Bean Hummus

Hummus is a traditional food in many countries of the Levant. Hummus was first mentioned in writing in Egypt in the 13th century. Most often it is made from chickpeas, which is also the translation of the word. However, the bean hummus is also an original variant.


  • 125 g dried white beans or puff beans (equivalent to approx. 250 g after after soaking)
  • 1 tablespoon tahini (sesame paste)
  • 3 tablespoons olive oil (or more, to taste)
  • The juice of 1/2 lemon (depending on the desired acidity)
  • 1 clove of garlic (or more, according to taste)
  • 1 tablespoon mild paprika powder
  • Salt and pepper


  1. Soak the dry beans for one night. The addition of sodium bicarbonate or salt will soften the beans and helps with overly chalky water. Then pour away the soaking water (beans are generally toxic when uncooked). Refill with new water and cook the beans until they are done.
  2. Puree the ingredients with a (stick) blender, carefully adding the cooking water until the desired consistency is reached.

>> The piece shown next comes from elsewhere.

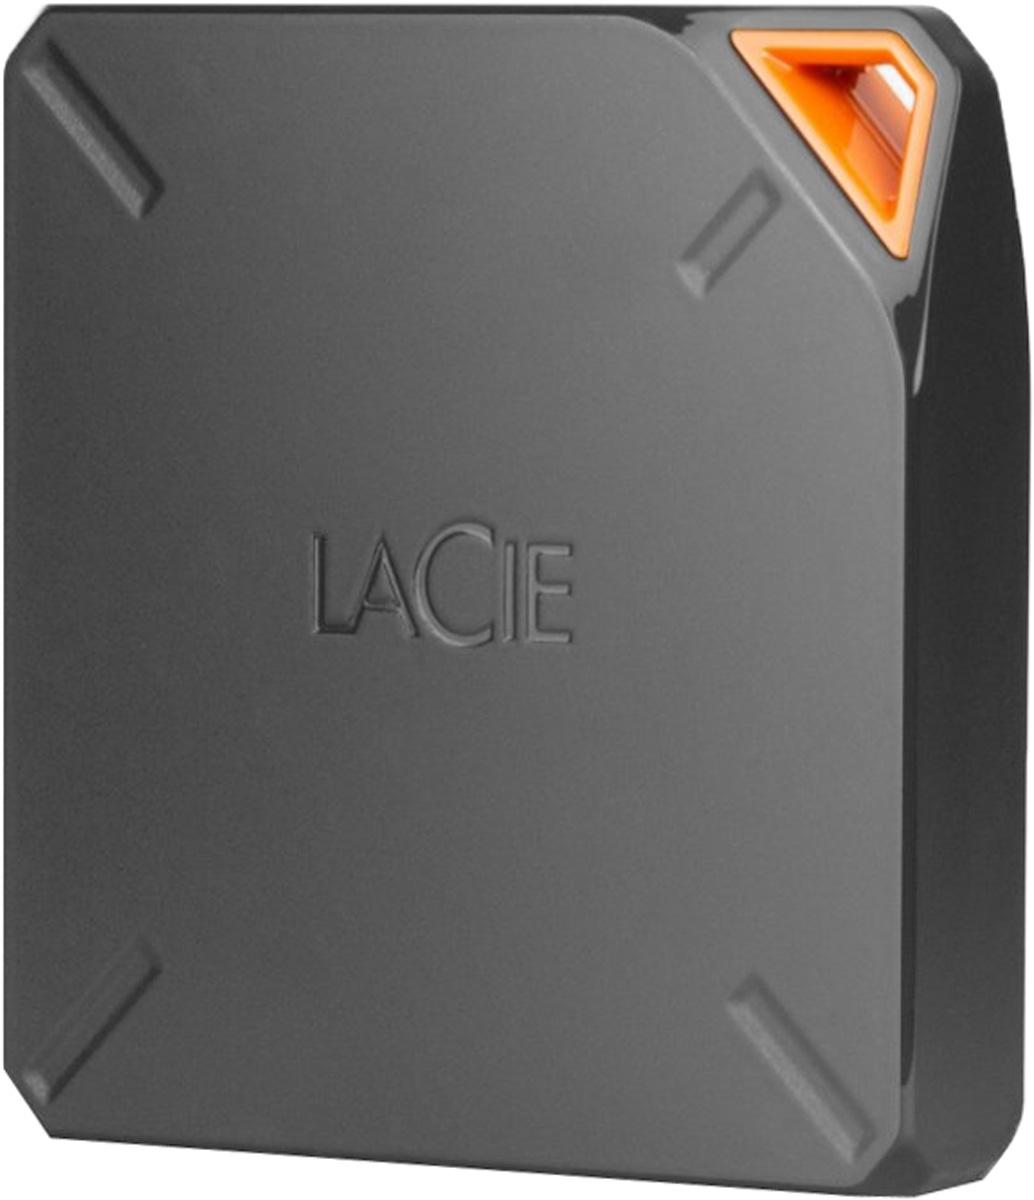 LaCie Fuel 1TB внешний жесткий диск (STFL1000200)

It is worthwhile to put enough until the mixture is so fine that you can hardly feel any more particles on the tongue. Finally, season to taste with salt and pepper.
  3. The hummus will develop its true flavor only after a few days after a few days, when all the ingredients are well absorbed and the garlic note becomes softer. Traditionally, hummus is covered with oil for storage, which prolongs its shelf life. Experience shows that the garlic content also makes a significant difference here. If it turns out well, you get a product that you won’t want to miss as a spread or dip with fresh vegetables or pita bread. Enjoy your meal!

Good to know:

You don’t have to throw away the cooking water (also called aquafaba), it is full of nutrients and can be used in many ways, e.g. as a substitute for animal protein when making desserts!